# What's your humorous marriage motto?



## Hiker

I don't have my own really, but often repeat a friend's marriage motto to myself to stay sane: "minimize contact, minimize contact." 

What's your funny marriage motto? Maybe we can all borrow each others'.


----------



## Coffee Amore

My husband's motto is "We're a team...there's no I or U in team, but definitely T & A."


----------



## Convection

In my signature block: "Two against the world." No matter what happens, we'll face it down together.

I often tell her that even something bad happened and if we end up homeless and living in a box, at least we'd be together. She laughs and tells me it better be a nice box.


----------



## SimplyAmorous

My husband a # of times has said* : * he wants to "grow old with me so we're rocking in our Rocking chairs together".....and I tell him he better still me Rockin' me  till he hits dirt... or he might have to deal with this >>







(ha ha just kidding)....I always add how we'll be reminiscing back to these GLORY days, our WILD spell in mid life...and it should give us lots of laughs...


----------



## diwali123

Those who say you should only have sex with someone you love have never been married.


----------



## Mavash.

You can be right or you can be happy. Pick one.


----------



## CharlieParker

It's not just all about the sex, right?


----------



## TikiKeen

Don't talk before coffee: Fvck instead.


----------



## romantic_guy

Yes dear.
You are right and I am wrong.
I'd love to go shopping.

:rofl:


----------



## bevixnz

"We may not have it all together, but together we have it all"


----------



## john117

Better marriage thru warfare

Marital happiness is proportional to the amount of square feet separating the spouses.

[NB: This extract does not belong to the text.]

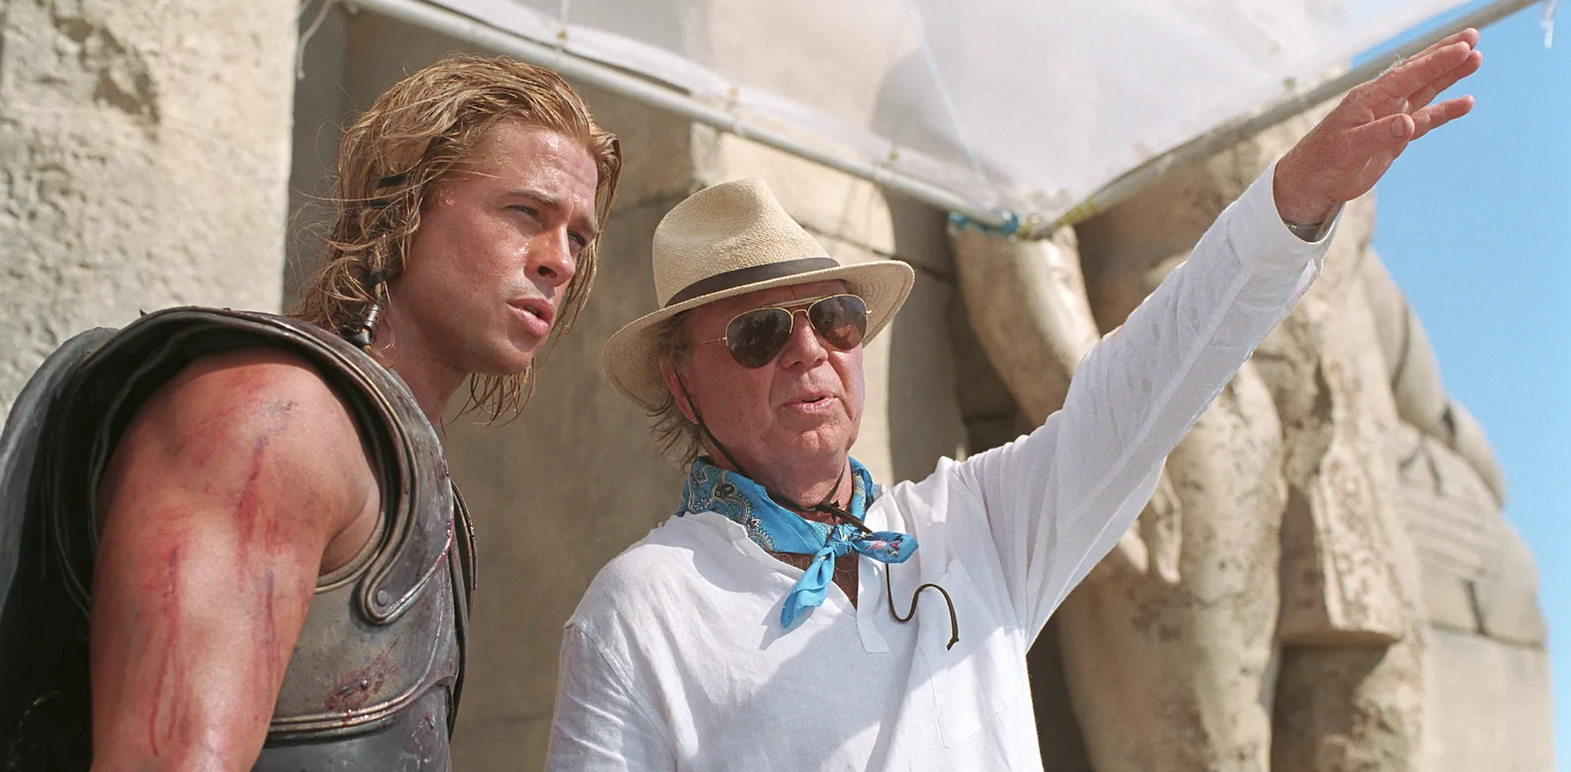 Addio a Wolfgang Petersen, il regista di "Troy" e "La storia infinita" è morto a 81 anni

Oh, the fun of being married to someone with BPD  - quote 2 explains the mansion...


----------



## LadyDee

"If only we knew then what we know now ... it is what it is"


----------



## hambone

My wife is so good... She has the art of being a woman down. She can convince me to do what she wants to do... and end up having me think it was my idea to begin with and she's congratulating me on being so smart!!!

Happy wife= happy life.


----------



## hambone

romantic_guy said:


> Yes dear.
> You are right and I am wrong.
> I'd love to go shopping.
> 
> :rofl:


Three things you'll never hear a real man say.

"I don't want to do none of that stuff... can't we just lay her and cuddle?"

"I'm bored... HEY!!! You want to go to the mall and shop for shoe's?

"I think...... maybe... we might be..... lost.. I'm gonna stop and ask directions!"


----------